Special Issue Information

Dear Colleagues,

Due to climate change, the quality of the agricultural soils is decreasing, and some human activities make this situation worse. In this context, crops struggle to grow due to the presence of abiotic stresses such as salinity, organic and inorganic pollution, drought, and high temperatures, which interfere with their development, causing a loss of productivity. As the world population is increasing, it is important to promote crop growth, even in degraded soils with the presence of abiotic stress, to feed the population. To stop the reduction in agricultural areas due to human activities, it is necessary to change the way of promoting crop growth, replacing chemical fertilizers and pesticides with more ecofriendly tools.

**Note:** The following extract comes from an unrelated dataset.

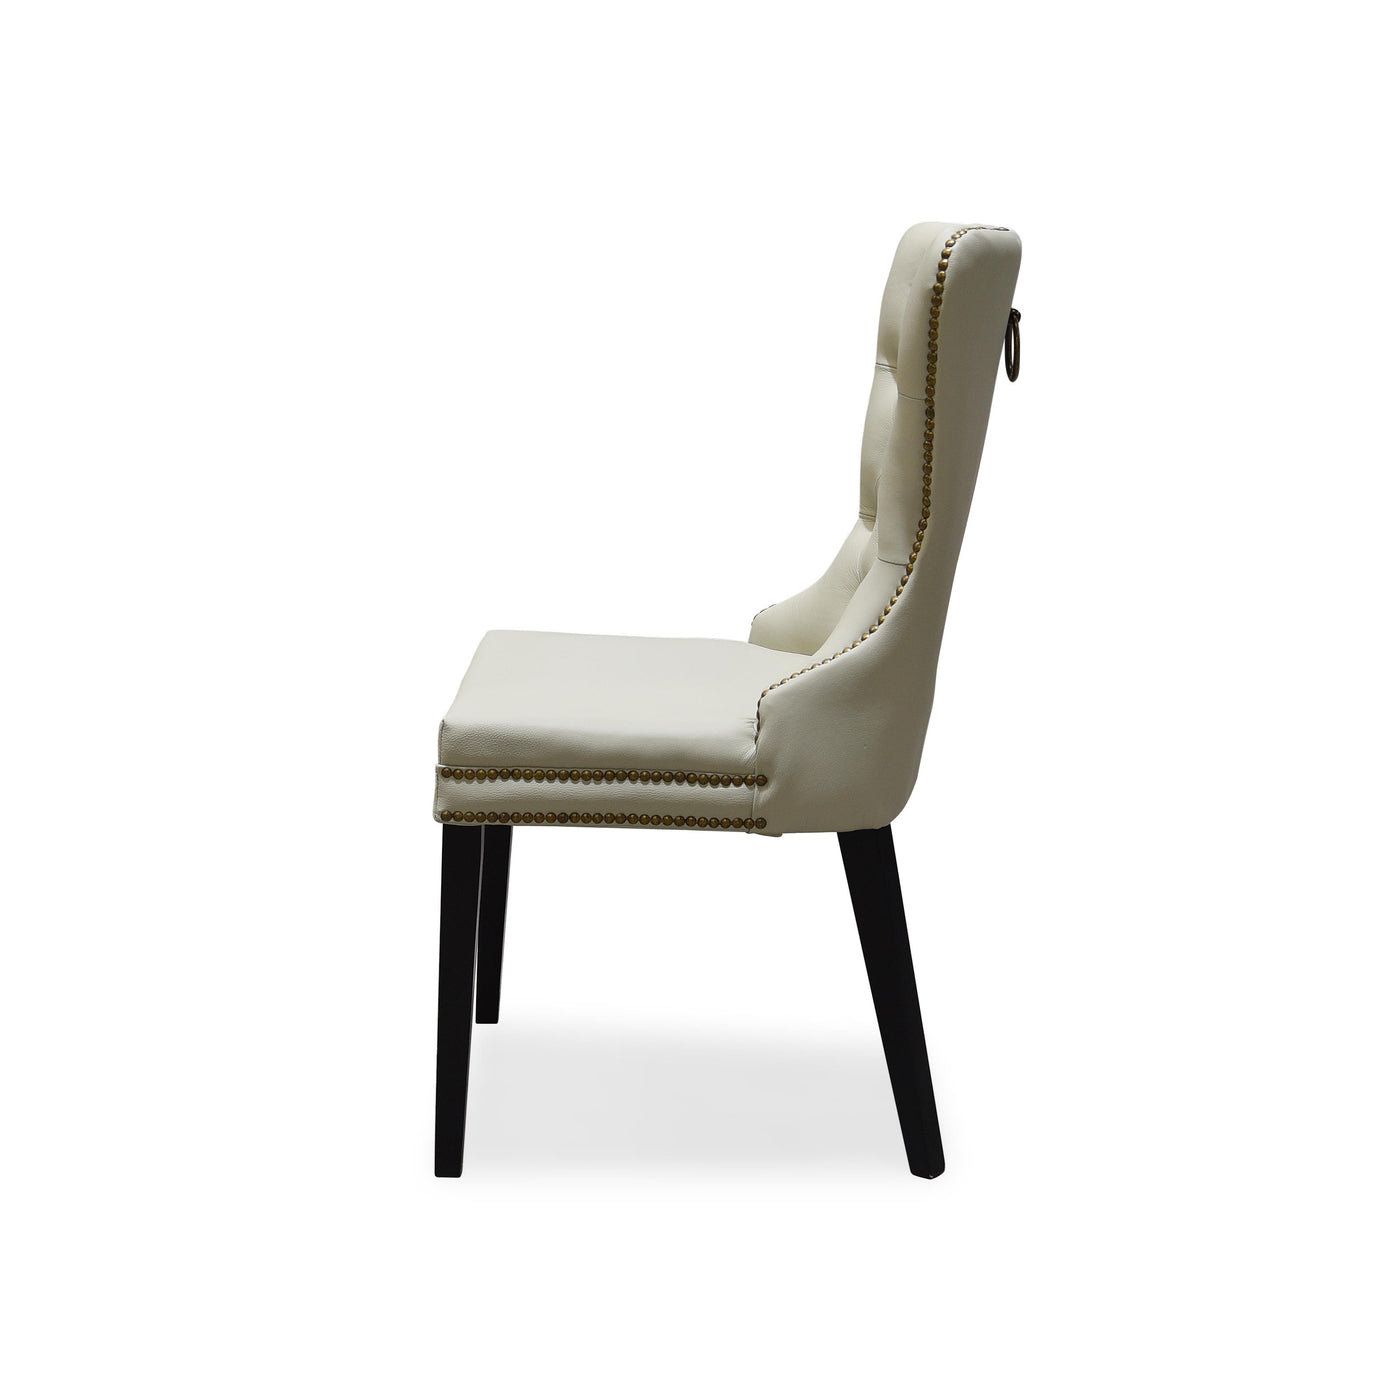 Luciano Dining Chair Ecru Leather - Future Classics Furniture

In both of the cases discussed above, plant-growth-promoting bacteria (PGPB) are excellent candidates to improve crop development and productivity in order to promote their growth in degraded soils and alleviate plant stress. In addition, PGPB have plant-growth-promoting (PGP) properties, which help plants to uptake nutrients and protect against biotic stresses such as phytopathogens. For this reason, PGPB have the potential to be used as biofertilizers and biopesticides for crop improvement in any environment in sustainable agriculture.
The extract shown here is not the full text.